Data segment:
=== Section Start ===
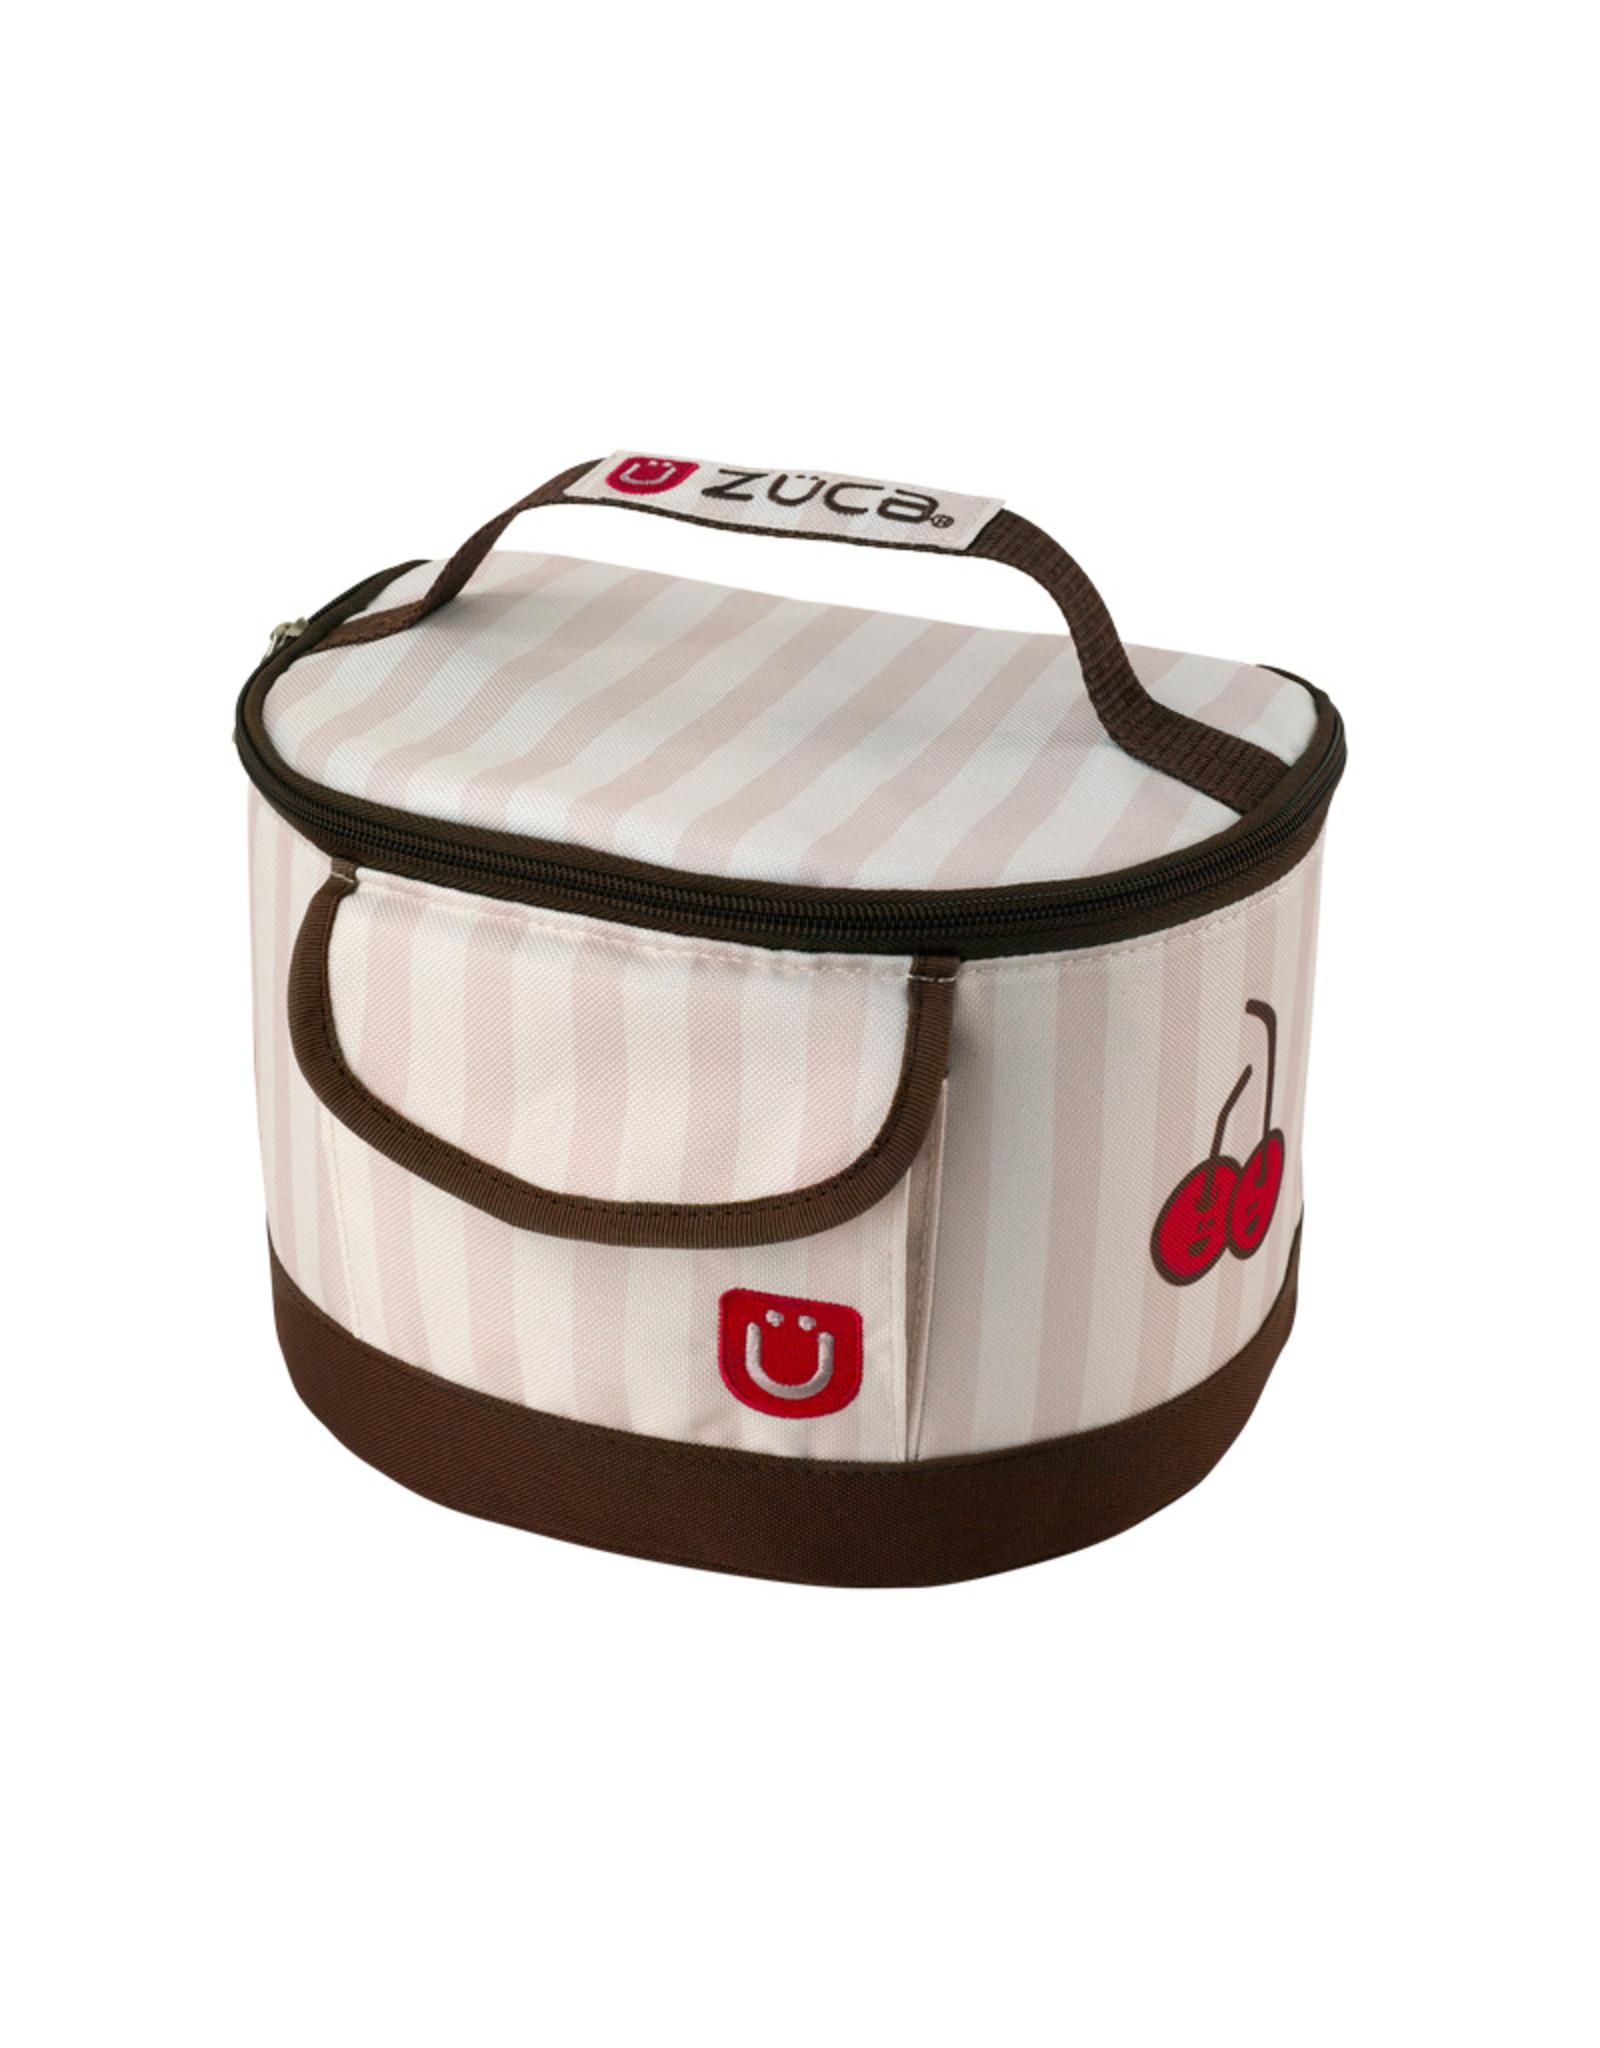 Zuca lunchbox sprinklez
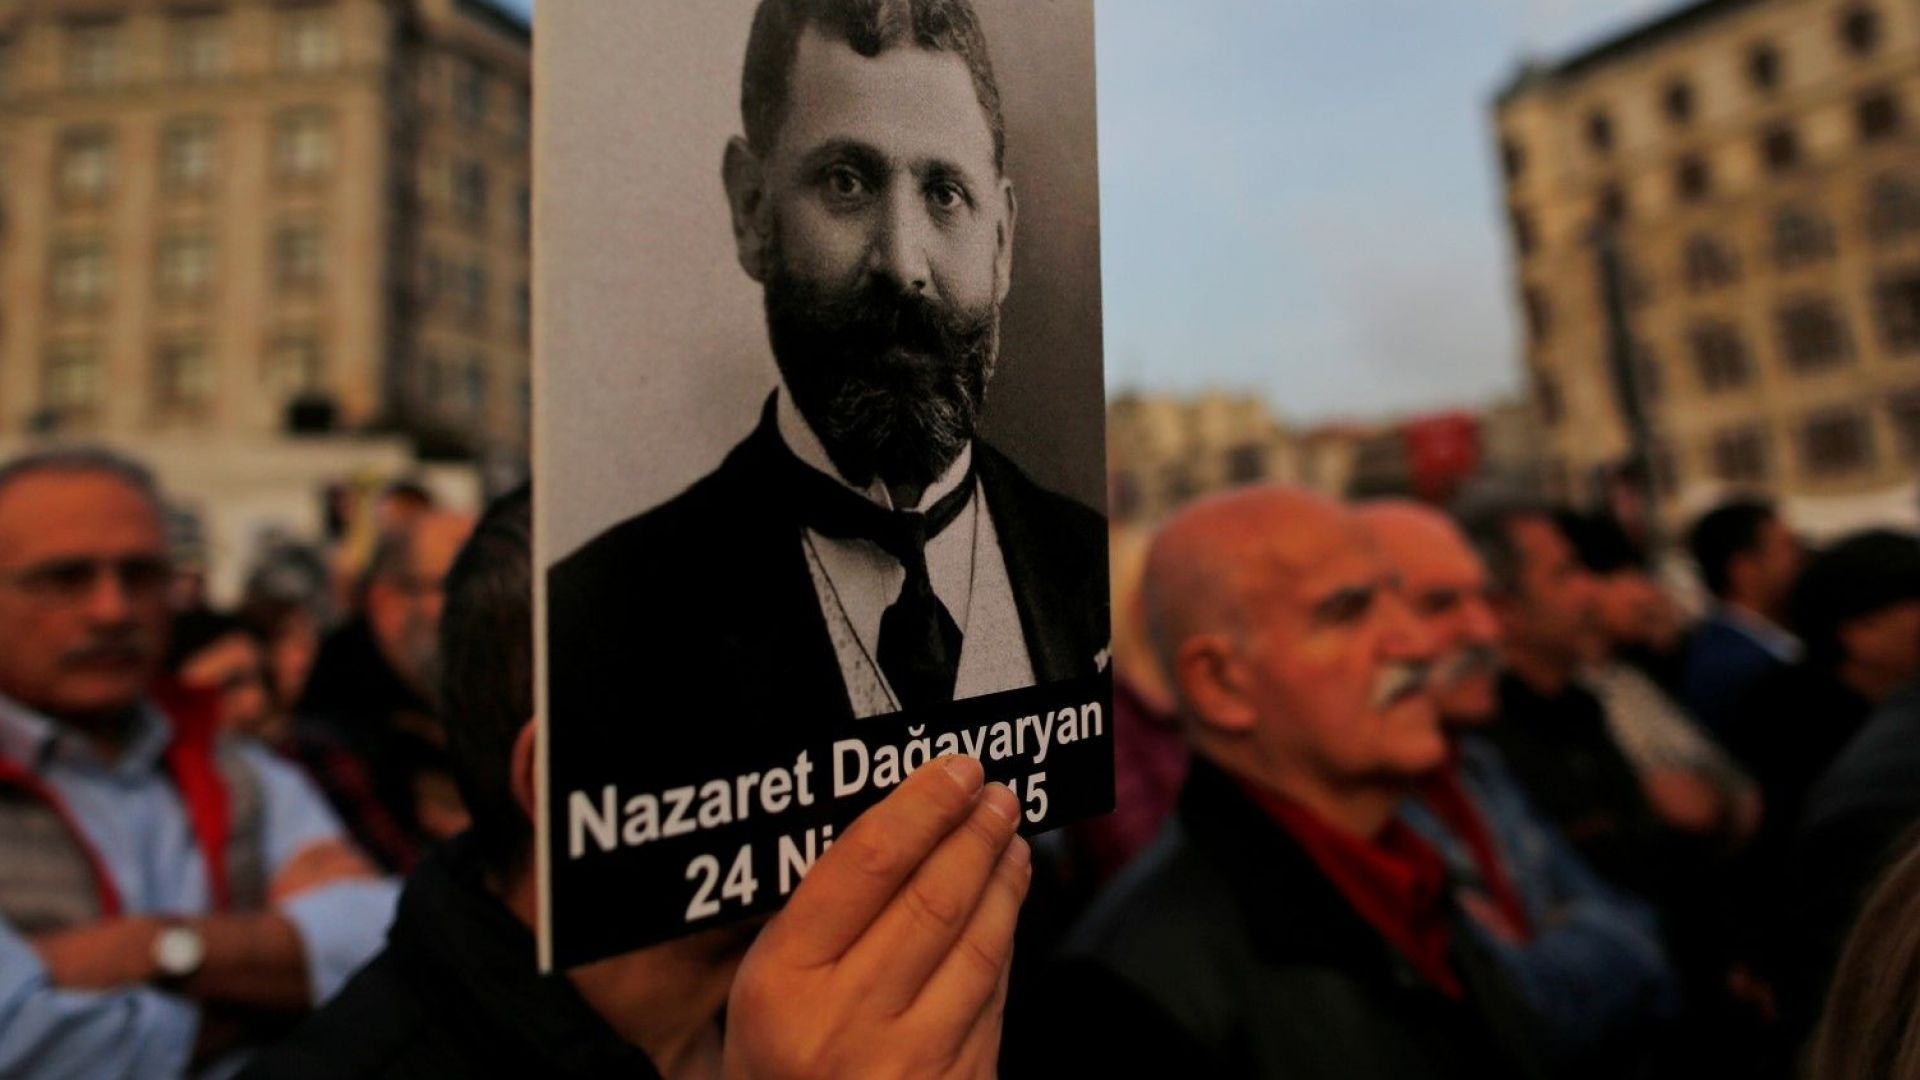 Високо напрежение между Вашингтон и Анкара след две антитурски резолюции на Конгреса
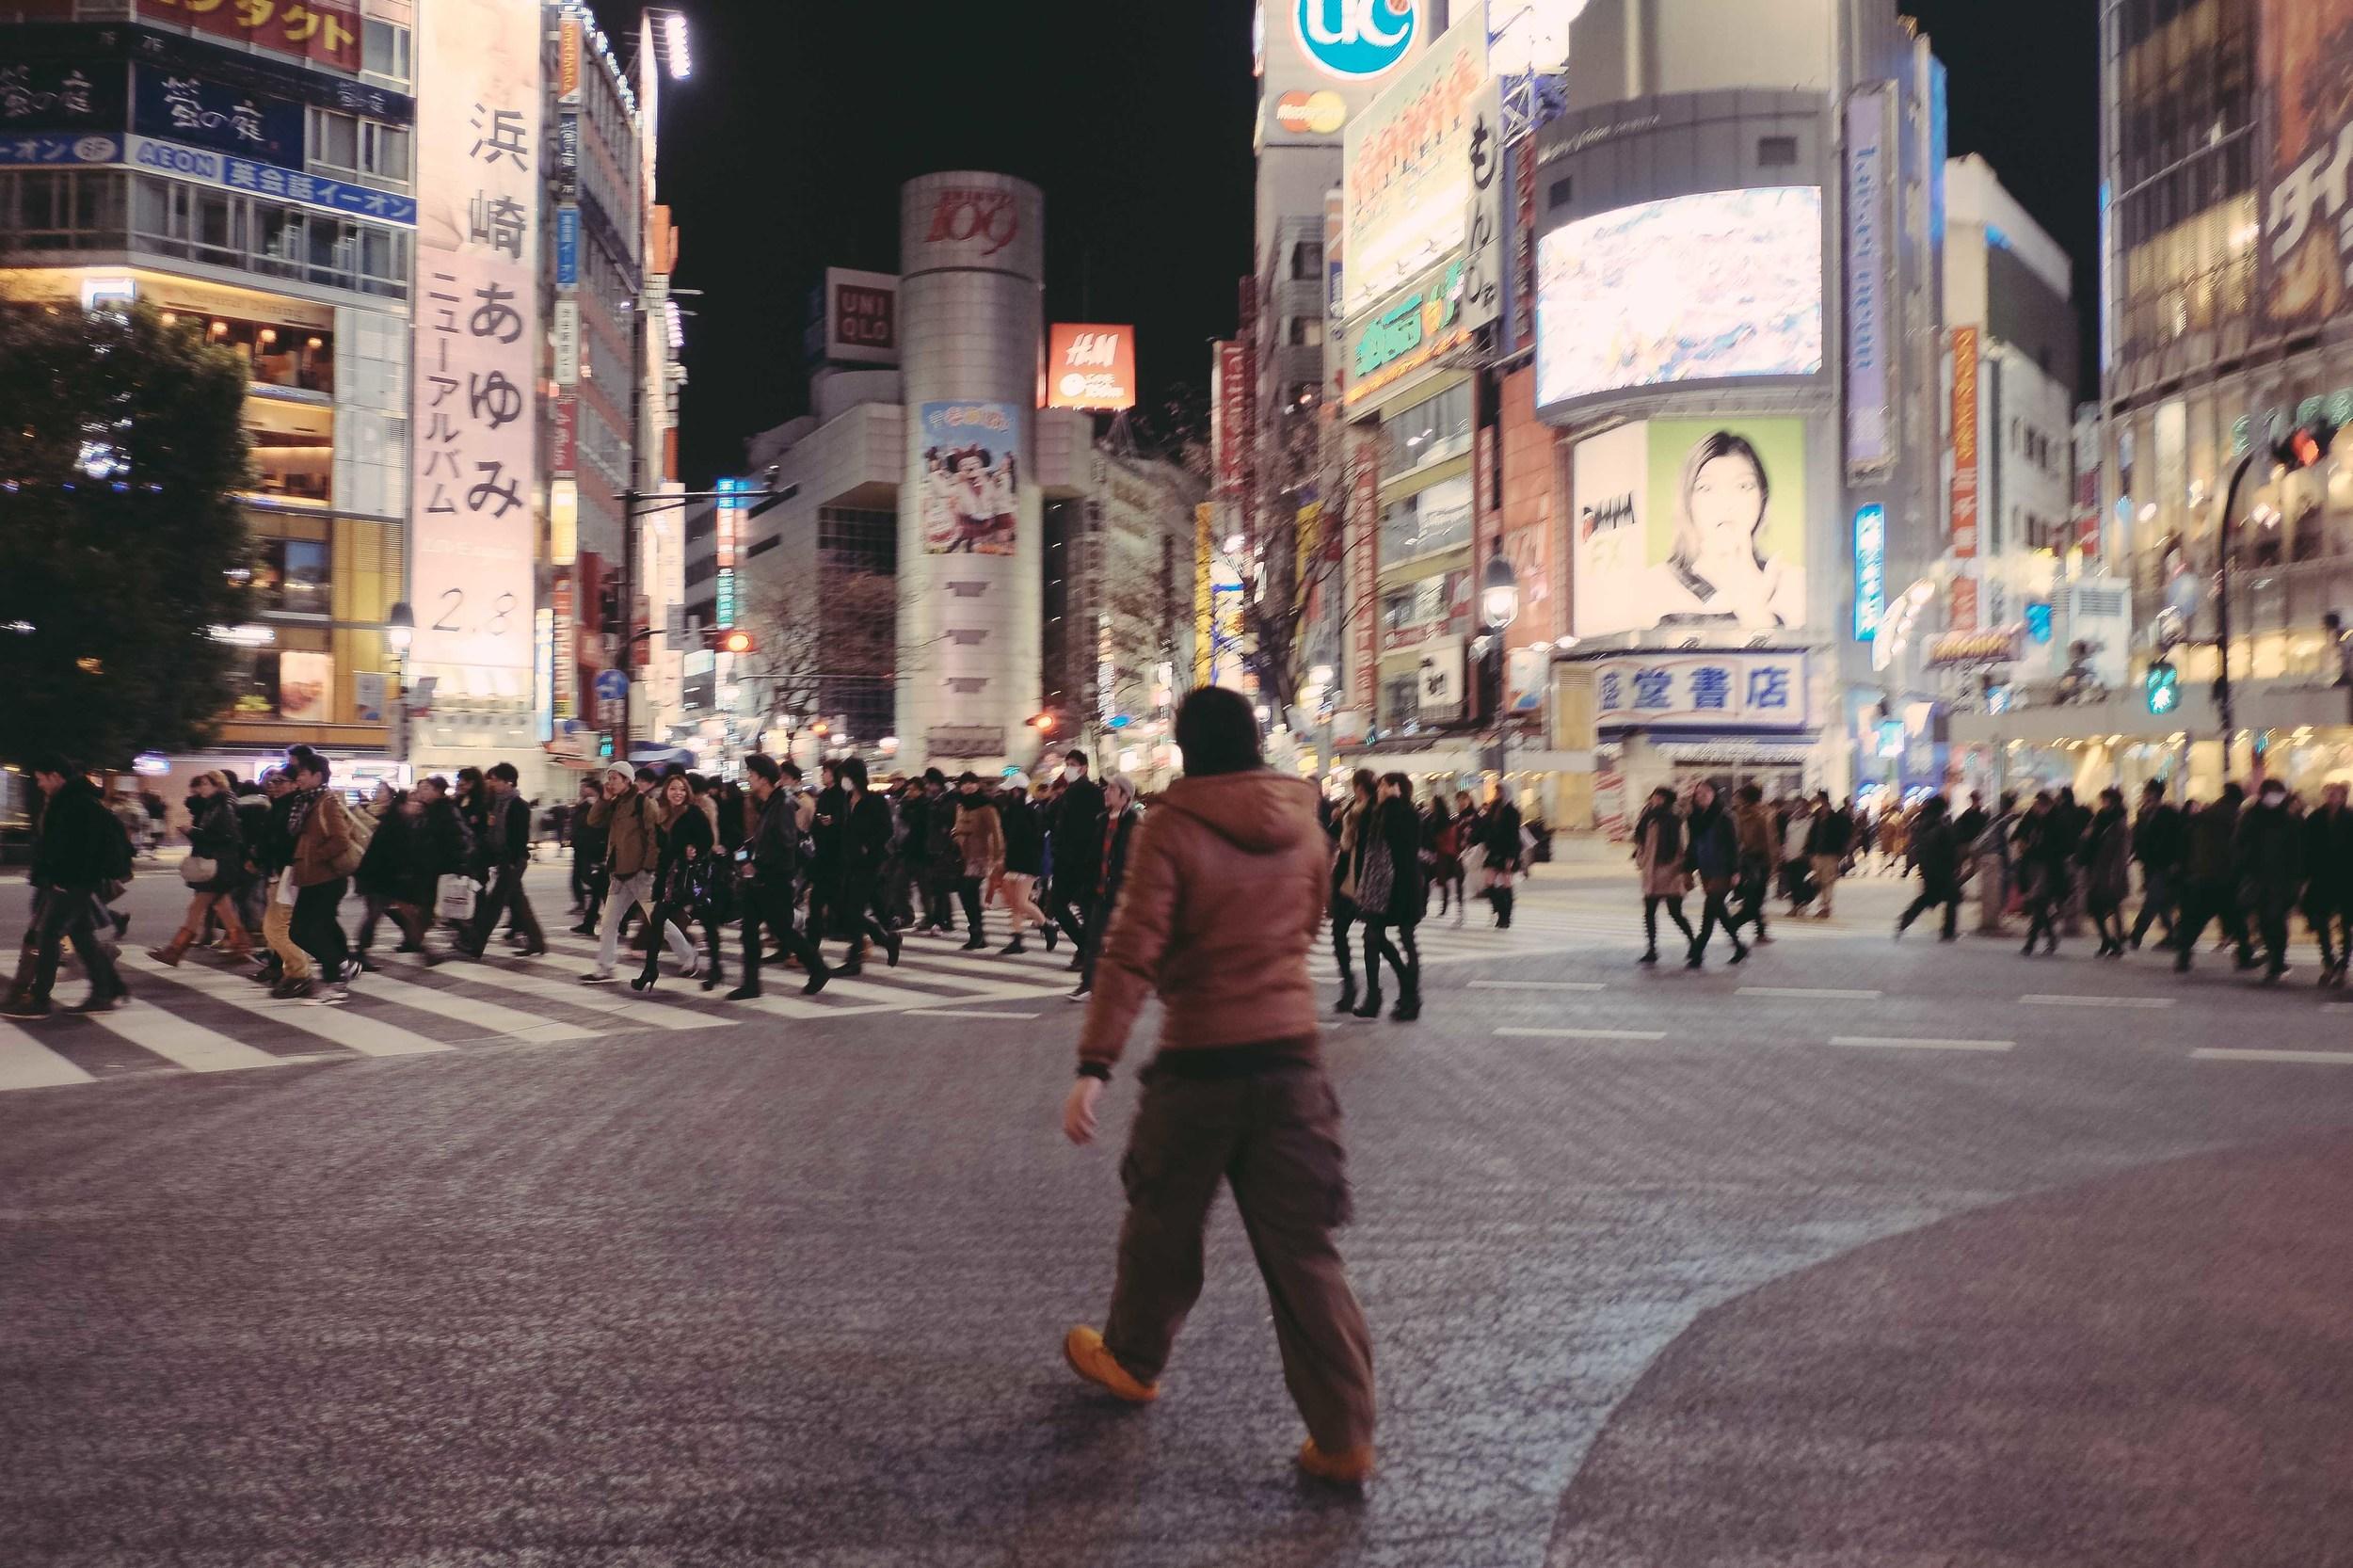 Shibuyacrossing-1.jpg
=== Section End ===
Directions for this task: Return the complete data unchanged and include none of the pictures.

Your solution:
 Zuca lunchbox sprinklez
 Високо напрежение между Вашингтон и Анкара след две антитурски резолюции на Конгреса
 Shibuyacrossing-1.jpg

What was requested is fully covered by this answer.